Total Time: 60 minutes

Cook Time: 60 minutes

Nutrition Information

calories 466

carbohydrate 17.0g

protein 54.0g

fat 20.5g

saturated fat 5.0g

trans fat 0.0g

cholesterol 143mg

sodium 282mg

potassium 1365mg

fiber 6.1g

sugar 9.2g


  • 3 tablespoon(s) olive oil
  • 1 medium onion(s) diced
  • 1 medium jalapeno pepper(s) seeded and diced
  • 2 medium garlic clove(s) minced
  • 1 small zucchini chopped
  • 1 tablespoon(s) chili powder
  • 1 teaspoon(s) cumin
  • 1/2 teaspoon(s) paprika
  • 1 pound(s) beef, ground
  • 1/2 pound(s) pork, ground
  • 4 cup(s) spinach, baby
  • 3 medium tomato(es) chopped
  • 1 medium tomato(es) crushed
  • 1/8 teaspoon(s) sea salt to taste
  • 1/8 teaspoon(s) black pepper to taste


  1. In a large saucepan or Dutch oven, heat the oil over medium heat.
  2. Add the onion and jalapeño, and cook until soft.
  3. Stir in the garlic and zucchini.

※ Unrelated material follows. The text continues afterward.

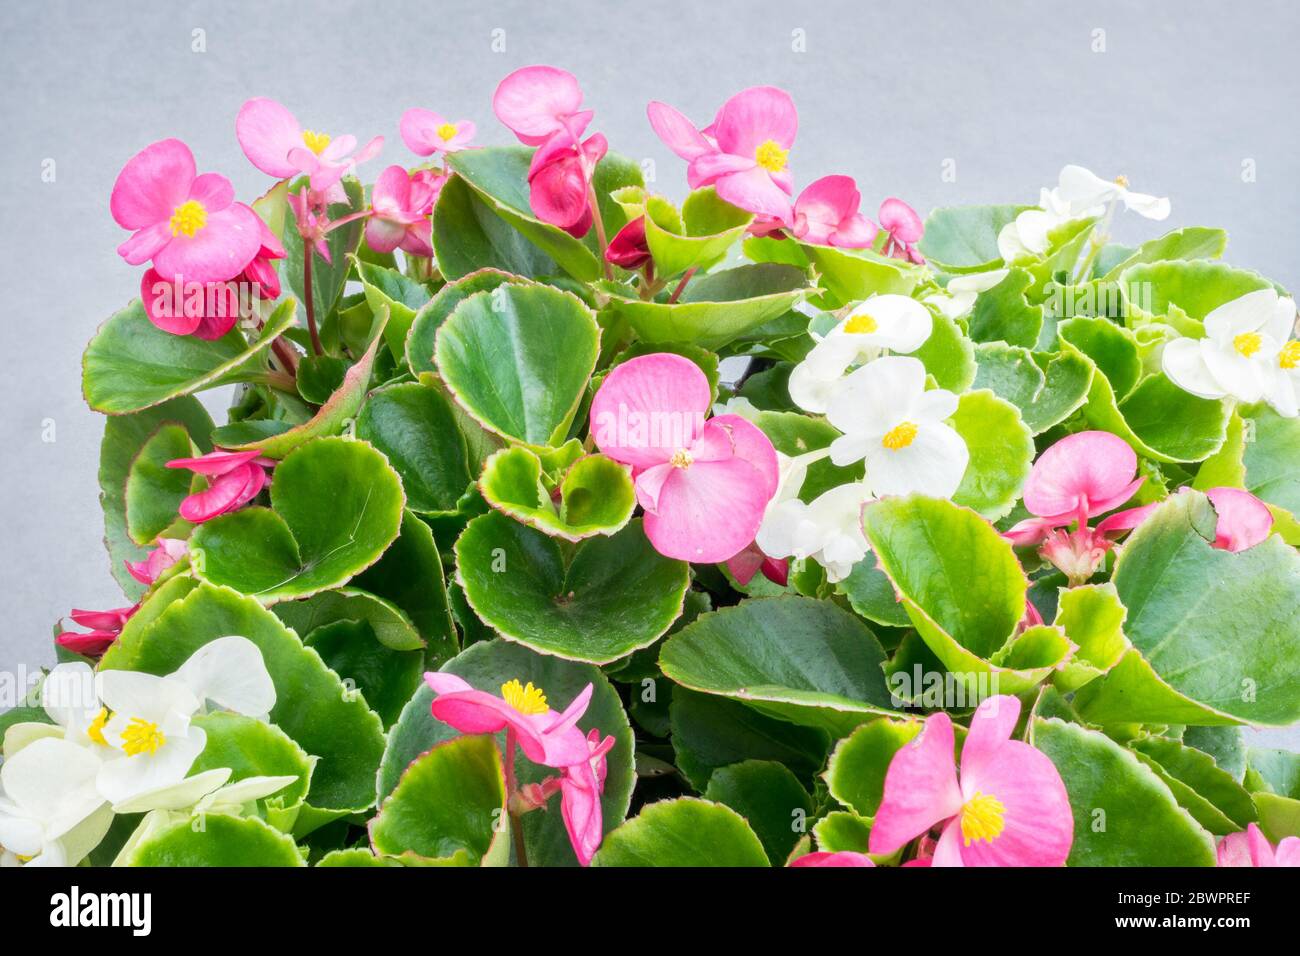 Wax Begonia with pink and white flowers. Begonia cucullata, also known as Begonia semperflorens. Blurred background. Stock Photo

Cook for a minute and add the seasonings.
  4. Stir and add the beef and pork to the pot. Cook until no longer pink in the center.
  5. Add the spinach and tomatoes, and season with salt and pepper.
  6. Simmer until vegetables are soft and chili is thickened, 30-40 minutes. You can simmer for several hours to improve flavor; simply add water or broth to the pan. Serve hot.